Dataset extract:
Start of Block

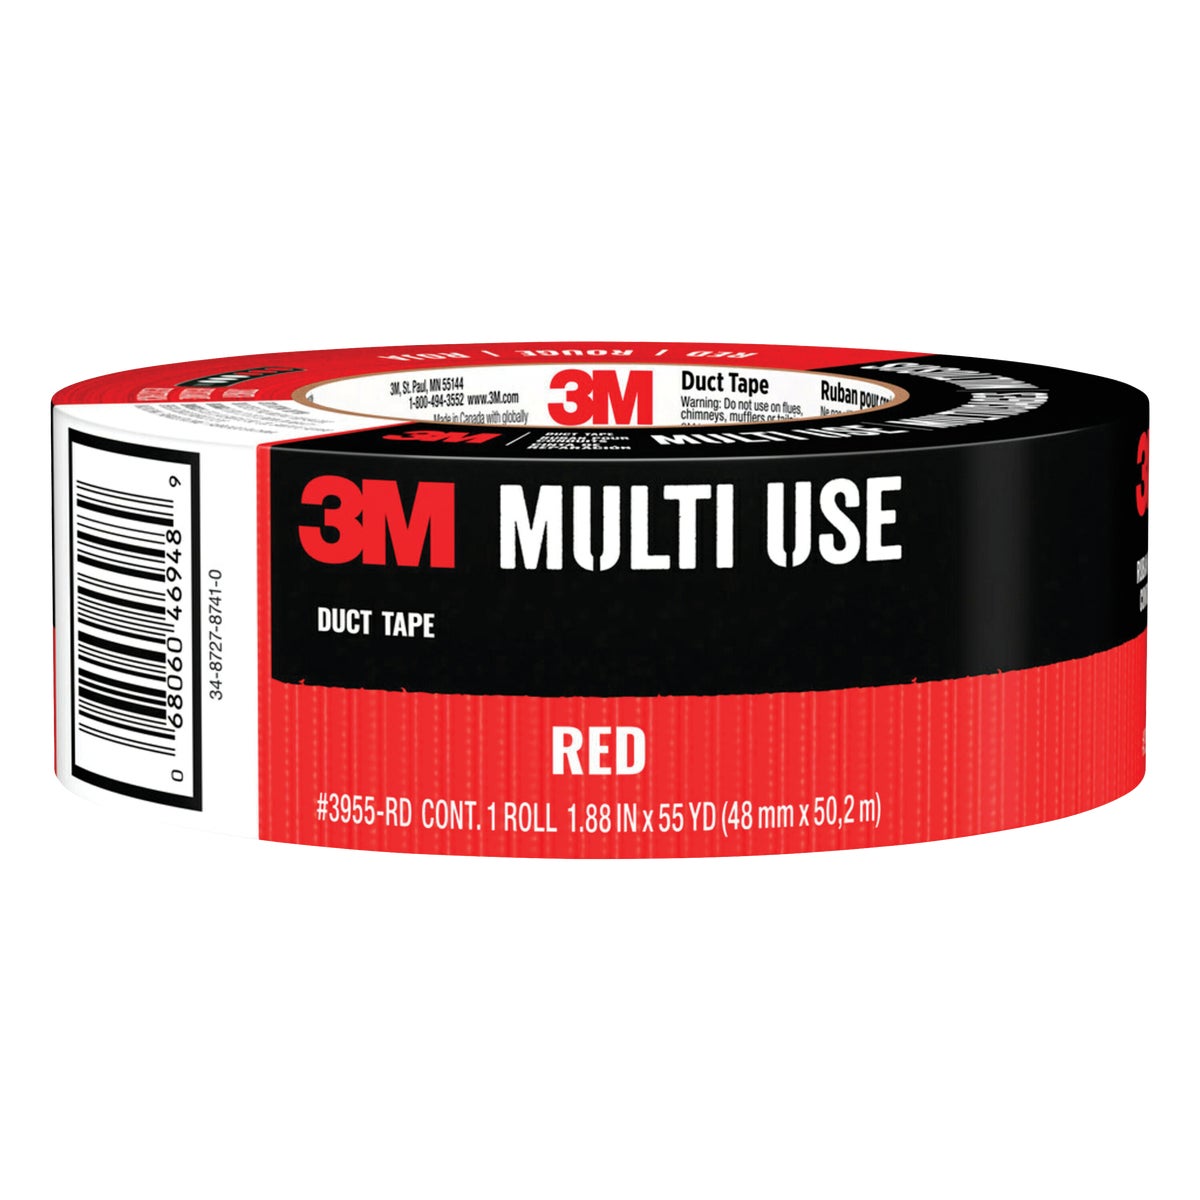 3M 1.88 In. x 60 Yd. Colored Duct Tape, Red
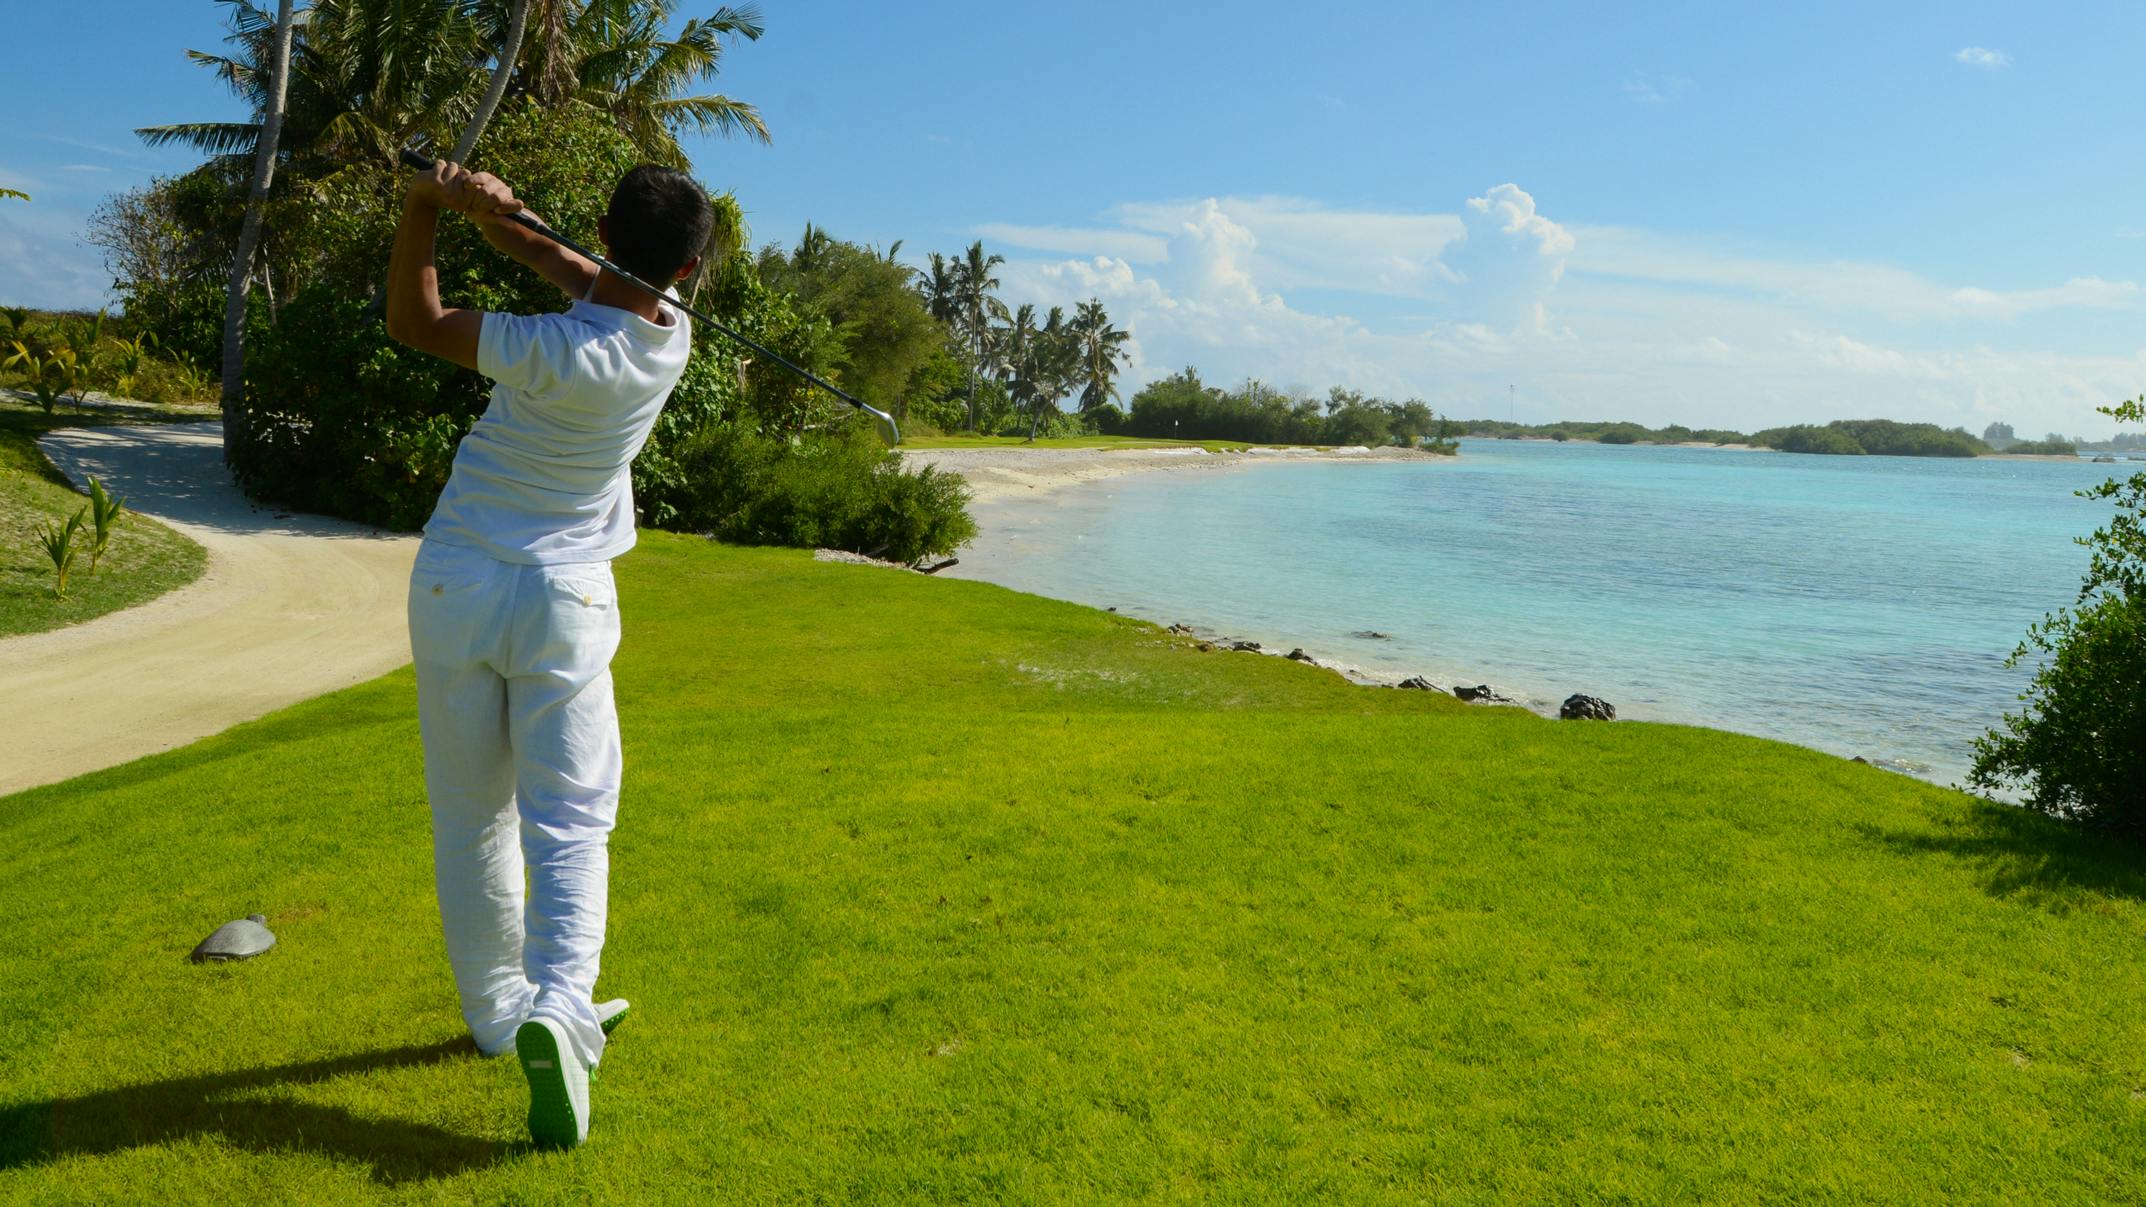 A man swings a golf club on a course next to tropical waters
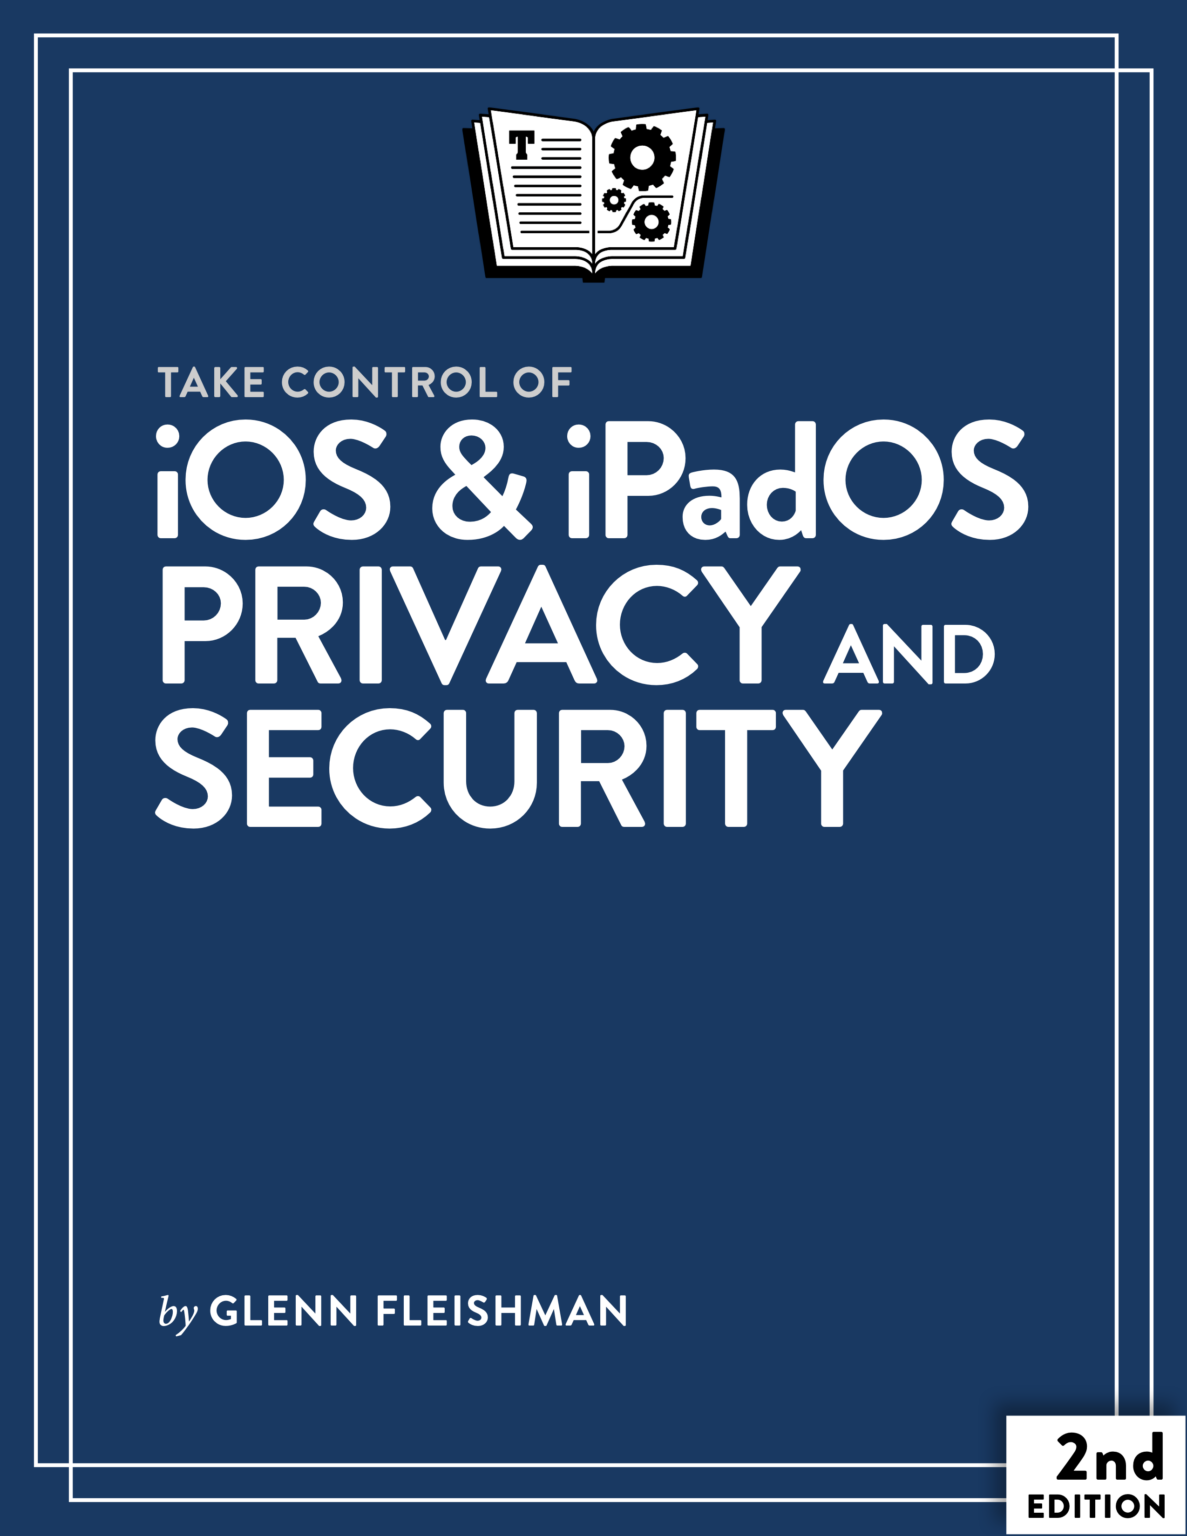 Take-Control-of-iOS-iPadOS-Privacy-and-Security-2.0-cover-1187x1536.png
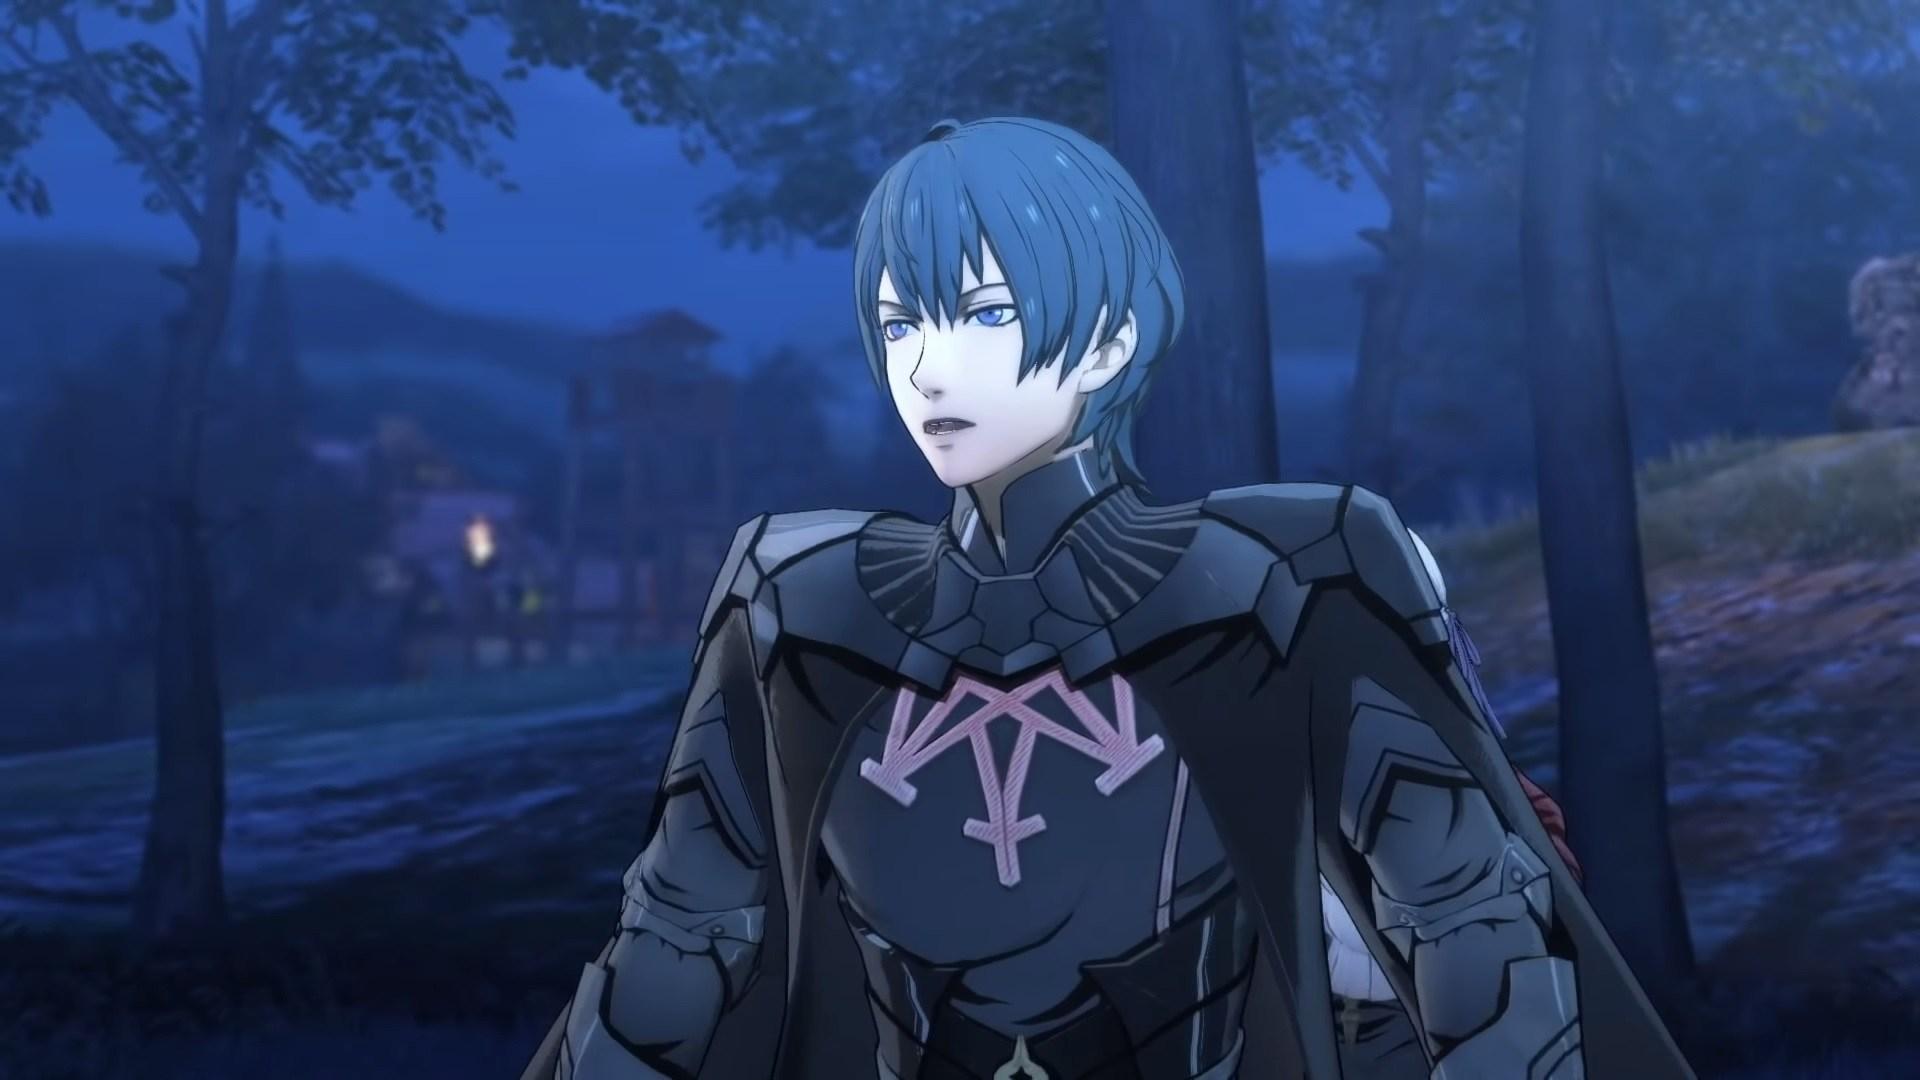 Byleth in Fire Emblem: Three Houses is a Mess. The Punished

End of Block

Required work:
Transcribe all of the lines above exactly as given. The pictures stay out.

Task result:
 3M 1.88 In. x 60 Yd. Colored Duct Tape, Red
 A man swings a golf club on a course next to tropical waters
 Take-Control-of-iOS-iPadOS-Privacy-and-Security-2.0-cover-1187x1536.png
 Byleth in Fire Emblem: Three Houses is a Mess. The Punished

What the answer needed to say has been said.